“I have to get up soon.” Vinny strokes my head as he speaks.

“I know. But I’m so comfy.” I snuggle closer to him, his warm body feeling incredible flush against mine. My body uncaring that it just spent the last hour greedily consuming his, the desire for more of him is just never quelled. Selfishly, I want to stay in bed all day, forget the ride they have planned, and keep him all to myself. I’m worried that today will be hard on him. Nico, on the other hand, thinks it will be good for Vinny. Help him get past the sour memory of his lost father by riding in the Veteran’s fundraising motorcycle run again this year. I’m not so sure. The loss to Vinny, of a father that never really was, came harder than anything else. He grieved the loss of a man he honored from the time he was a child. A veteran that he clung to for purpose in his darkest hours.

As Vinny gets dressed, I’m still undecided on giving him what I’ve planned. For five weeks, I’ve tossed the idea back and forth, one day thinking it was a great idea, the next wondering if I was crazy for even considering giving it to him.

Eventually, we both begin to get dressed. “You okay?” I sit on the bed next to Vinny. He’s been quiet since he got back out of bed.

He nods silently, seemingly lost in thought. “There’s lots of Veterans out there that should be honored. I keep telling myself it’s not about me. But it’s hard not to be reminded.” He pauses. “I don’t know, I feel like I lost someone, yet I never really had them to lose.”

My decision finally made for me, I walk to my purse and pull out an envelope. Removing a single page I’d written and balled up so many times, I offer it to the man I love as comfort. Vinny takes it and begins reading.

Staff Sargent Charles Fisher, Jr.

3/30/1960–1/19/1988.

Survived by his parents, Charles Fisher, Sr. and Laura Cantly Fisher, Staff Sargent Charles Fisher, Jr. was laid to rest on January nineteenth, nineteen hundred and eighty-eight.

A dedicated, two tour military hero, Sgt. Fisher was killed in the line of duty in Helmand Province, Afghanistan. Three days before the end of his second tour, Sgt. Fisher was passing through Helmand in route to the US Embassy, when he came upon a bus exploded by the detonation of a suicide bomber.

Acting quickly, and without regard for his own safety, Sgt. Fisher dragged seven children from the burning vehicle while under enemy fire. As he removed the final child, insurgents moved in closer, finding a new target for their hostile fire, hitting Sgt. Fisher five times. All victims were rushed to a nearby military hospital. Miraculously, all seven children survived. Sgt. Fisher was pronounced dead on arrival.

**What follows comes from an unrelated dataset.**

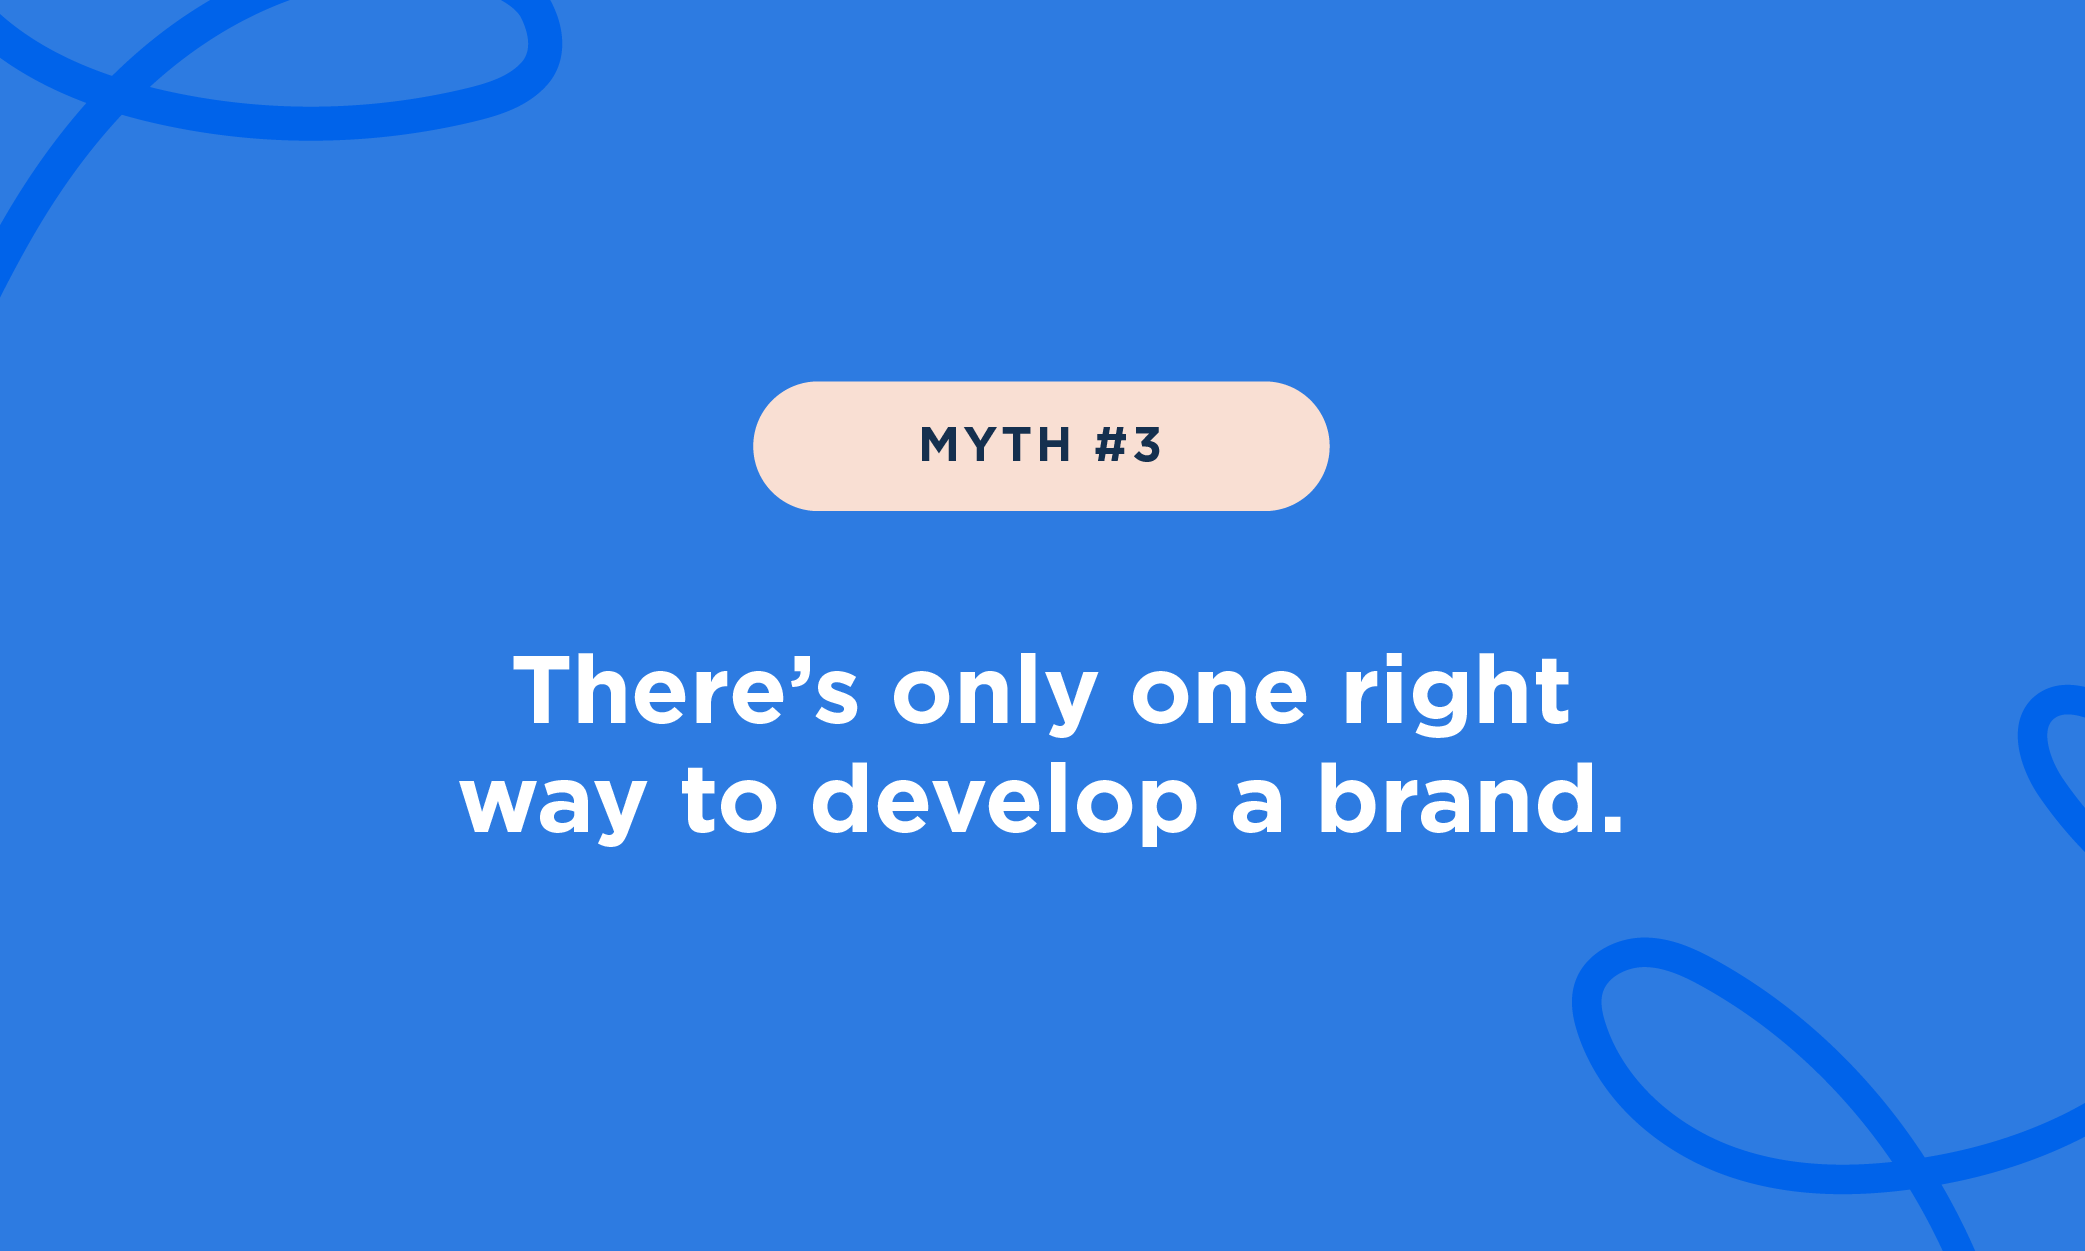 Myth #3: There’s only one right way to develop a brand.

A look of confusion on Vinny’s face, I remove the dog tags he’d ripped off his neck the day he found out the truth about his father.

“These dog tags belong to a hero. I researched the ID number. The man you’ve honored by wearing them may not be your father, but I thought you would be proud to wear them today anyway.”

Vinny closes his eyes for a minute and I watch as his throat works to swallow. Eyes opening to a window of emotion, pain that was only just recently in the forefront being overshadowed by caring and love, he leans down and lowers his head. Gently, I slip the worn tags around his neck, softly kissing his cheek.

Vinny pulls me against his chest for a hug, wrapping his arms around me tightly. “You rewrote the ending of my story with the truth.”

I smile against his chest. I hadn’t thought about it that way, but I guess I did. Releasing his grip on me, Vinny pulls his head back enough to look into my eyes. His baby blues shoot an arrow straight through my heart, “I’m rewriting the ending to our story, Liv. I’m giving you your happily ever after. I promise.”

Finally, more than seven years in the making, I have no doubt that he will.